ASSIGNMENT: Transcribe only the part of the material below that begins at the line containing "140 pies de" and ends at the line containing "工程力学--材料力学(北京科大、东北大学版)第4版第三章习题答案", with both kept and images left out.

GIVEN DATA:
******************************

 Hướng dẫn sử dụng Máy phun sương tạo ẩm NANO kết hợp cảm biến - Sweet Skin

******************************

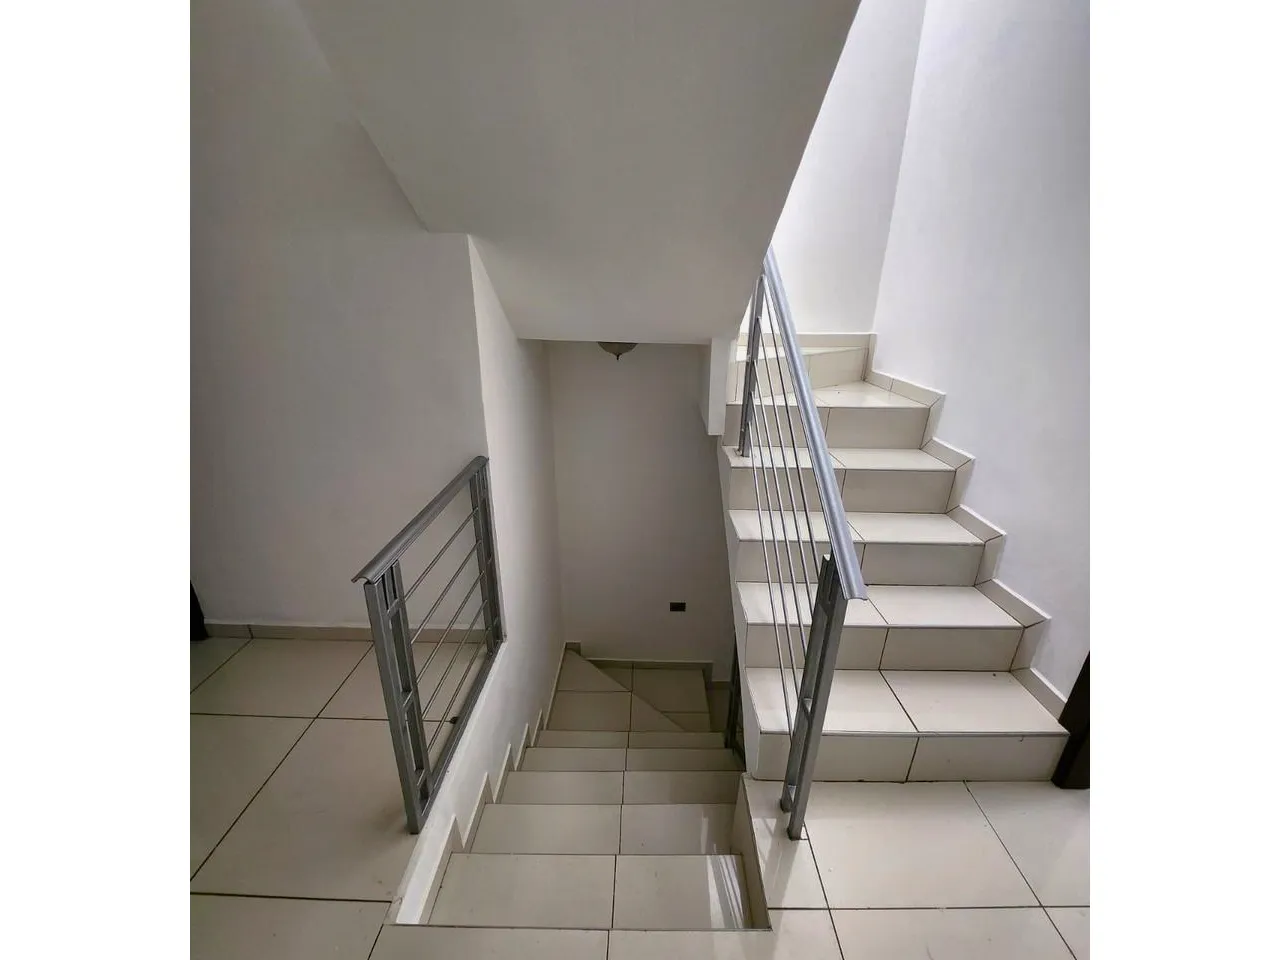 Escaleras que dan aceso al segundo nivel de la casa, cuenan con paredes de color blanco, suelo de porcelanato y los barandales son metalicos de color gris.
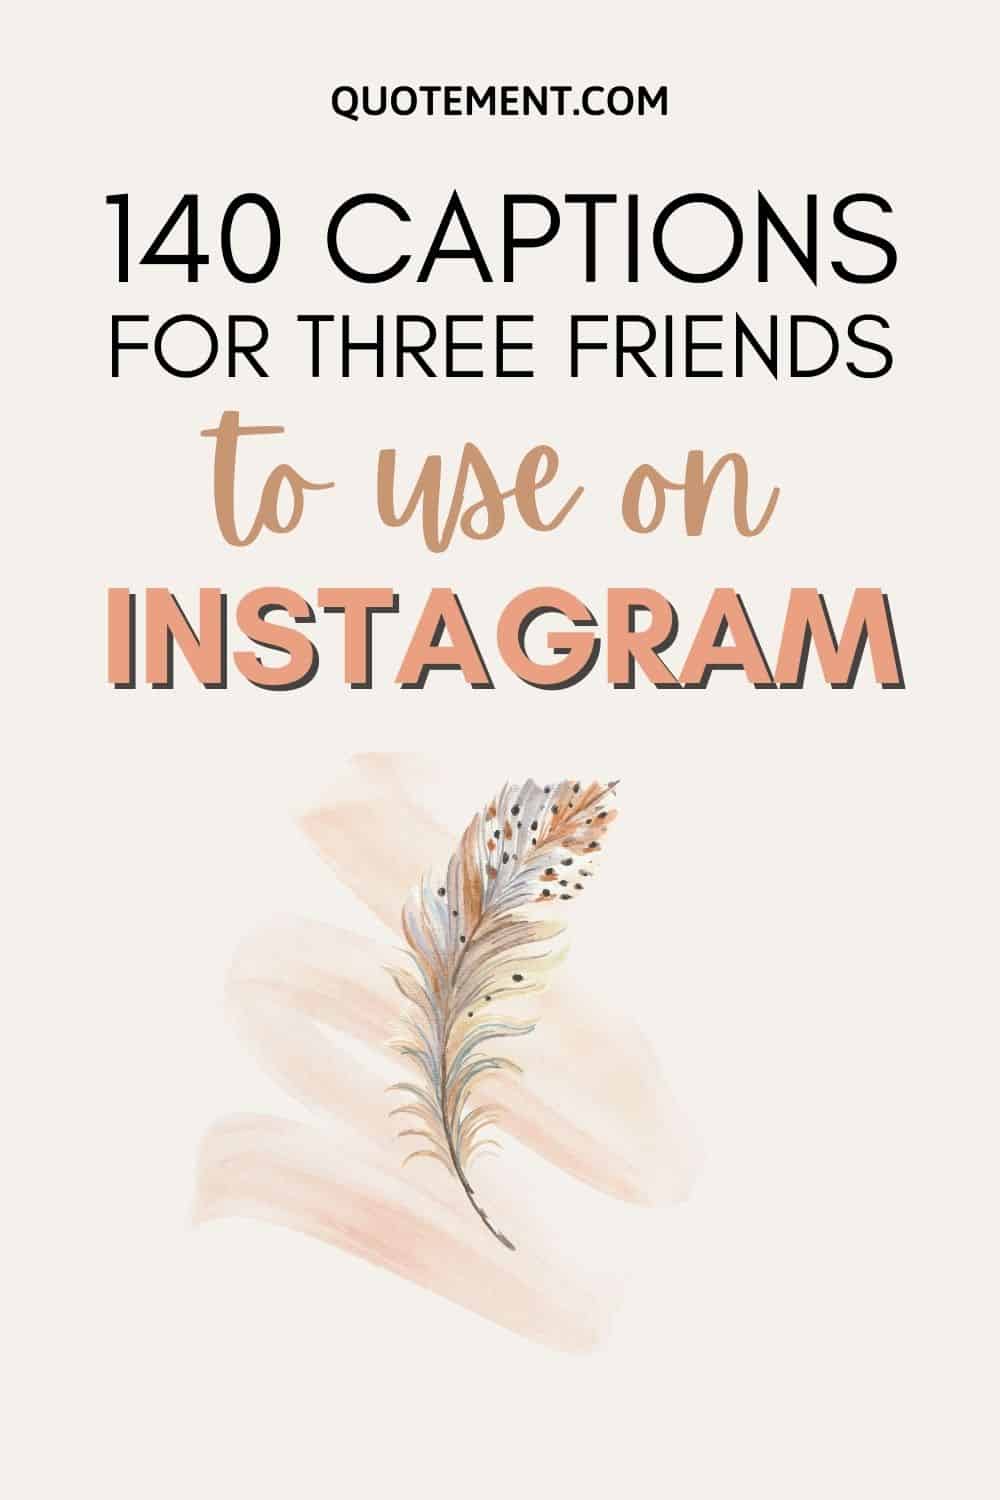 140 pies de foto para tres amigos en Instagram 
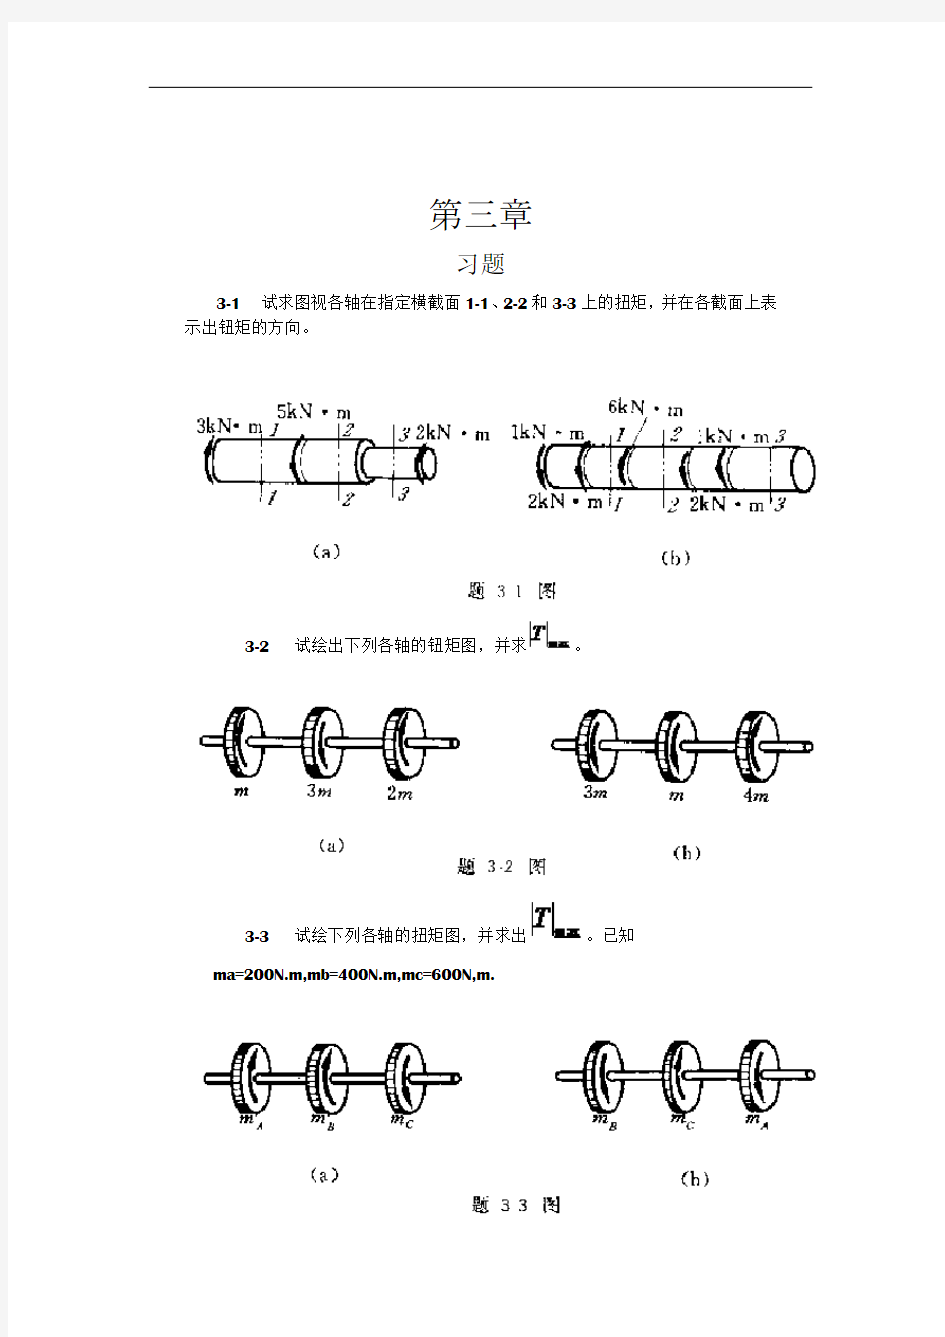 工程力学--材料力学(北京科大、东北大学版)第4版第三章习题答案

******************************

ANSWER SECTION:
 140 pies de foto para tres amigos en Instagram 
 工程力学--材料力学(北京科大、东北大学版)第4版第三章习题答案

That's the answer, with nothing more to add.